Out-of-order writes for Double-checked locking

Question

In the examples mentioned for Out-of-order writes for double-checked locking scenarios (ref: IBM article & Wikipedia Article)

I could not understand the simple reason of why Thread1 would come of out synchronized block before the constructor is fully initialized. As per my understanding, creating "new" and the calling constructor should execute in-sequence and the synchronized lock should not be release till all the work in not completed.

Please let me know what I am missing here.

Answer 1

The constructor can have completed - but that doesn't mean that all the writes involved within that constructor have been made visible to other threads. The nasty situation is when the reference becomes visible to other threads (so they start using it) before the contents of the object become visible.

You might find Bill Pugh's article on it helps shed a little light, too.

Personally I just avoid double-checked locking like the plague, rather than trying to make it all work.

Answer 2

The code in question is here:

public static Singleton getInstance()
{
  if (instance == null)
  {
    synchronized(Singleton.class) {  //1
      if (instance == null)          //2
        instance = new Singleton();  //3
    }
  }
  return instance;
}

Now the problem with this cannot be understood as long as you keep thinking that the code executes in the order it is written. Even if it does, there is the issue of cache synchronization across multiple processors (or cores) in a Symmetrical Multiprocessing architecture, which is the mainstream today.

Thread1 could for example publish the instance reference to the main memory, but fail to publish any other data inside the Singleton object that was created. Thread2 will observe the object in an inconsistent state.

As long as Thread2 doesn't enter the synchronized block, the cache synchronization doesn't have to happen, so Thread2 can go on indefinitely without ever observing the Singleton in a consistent state.

Answer 3

Thread 2 checks to see if the instance is null when Thread 1 is at //3 .

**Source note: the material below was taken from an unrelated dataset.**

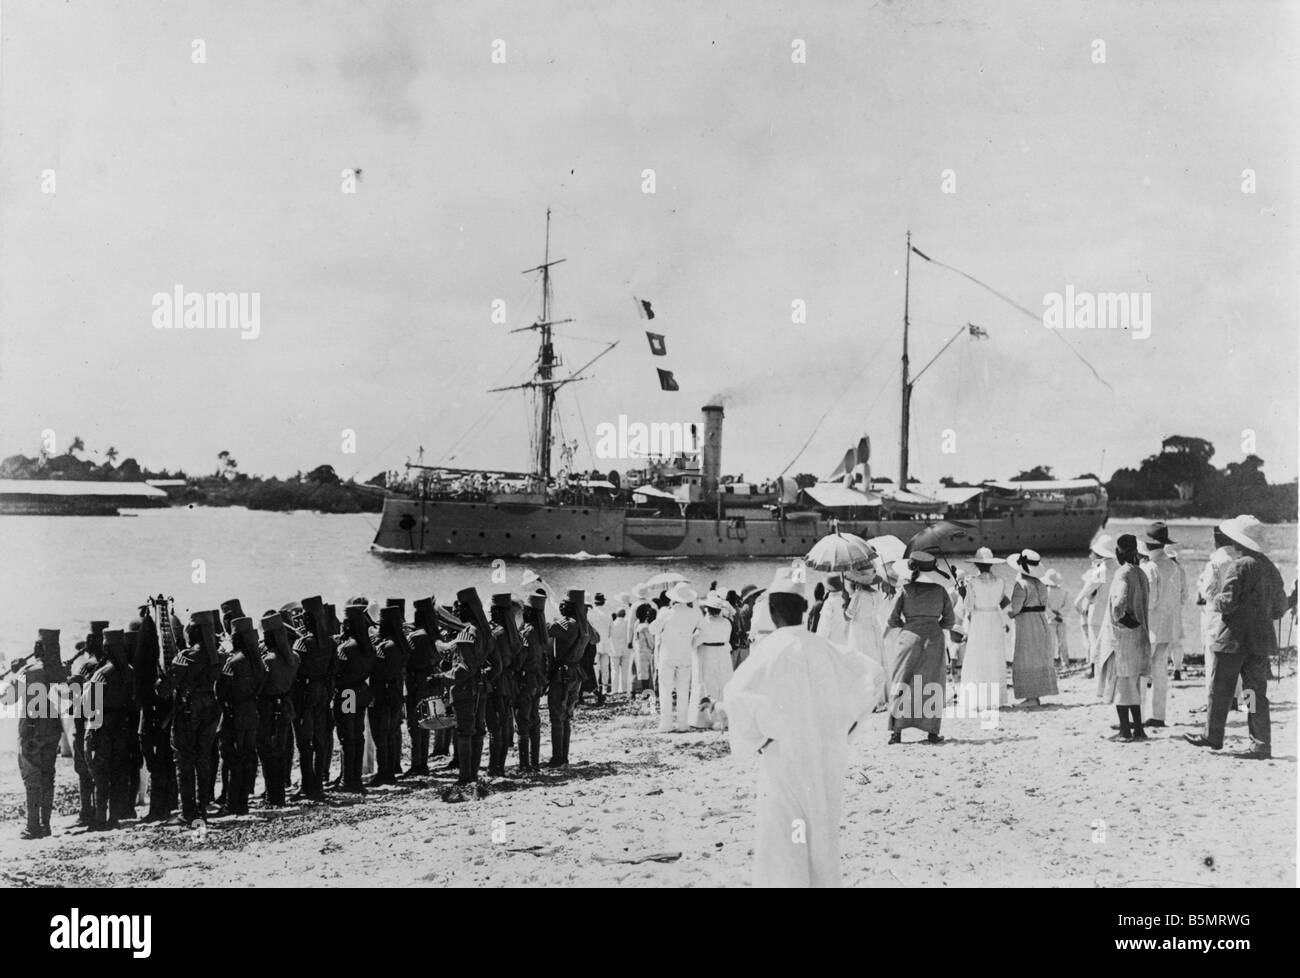 9AF 1914 0 0 A8 1 E S M S Seeadler Photo Dar es Salaam Tanzanie aujourd'hui Africa Orientale allemande comme colonie allemande 1884 1920 S M S Seeadle Banque D'Images

public static Singleton getInstance()
{
if (instance == null)
{
synchronized(Singleton.class) {  //1
  if (instance == null)          //2
    instance = new Singleton();  //3
  }
}
 return instance;//4
}

At this point the memory for instance has been allocated from the heap and the pointer to it is stored in the instance reference, so the "if statement" executed by Thread 2 returns "false". Note that because instance is not null when Thread2 checks it, thread 2 does not enter the synchronized block and instead returns a reference to a " fully constructed, but partially initialized, Singleton object."

Answer 4

There's a general problem with code not being executed in the order it's written. In Java, a thread is only obligated to be consistent with itself. An instance created on one line with new has to be ready to go on the next. There's no such oblgation to other threads. For instance, if fieldA is 1 and 'fieldB' is 2 going into this code on thread 1:

fieldA = 5;
fieldB = 10;

and thread 2 runs this code:

int x = fieldA;
int y = FieldB;

x y values of 1 2, 5 2, and 5 10 are all to be expected, but 1 10--fieldB was set and/or picked up before fieldA--is perfectly legal, and likely, as well. So double-checked locking is a special case of a more general problem, and if you work with multiple threads you need to be aware of it, particularly if they all access the same fields.

One simple solution from Java 1.5 that should be mentioned: fields marked volatile are guaranteed to be read from main memory immediately before being referenced and written immediately after. If fieldA and fieldB above were declared volatile, an x y value of 1 10 would not be possible. If instance is volatile, double-checked locking works. There's a cost to using volatile fields, but it's less than synchronizing, so the double-checked locking becomes a pretty good idea. It's an even better idea because it avoids having a bunch of threads waiting to synch while CPU cores are sitting idle.

But you do want to understand this (if you can't be talked out of multithreading). On the one hand you need to avoid timing problems and on the other avoid bringing your program to a halt with all the threads waiting to get into synch blocks. And it's very difficult to understand.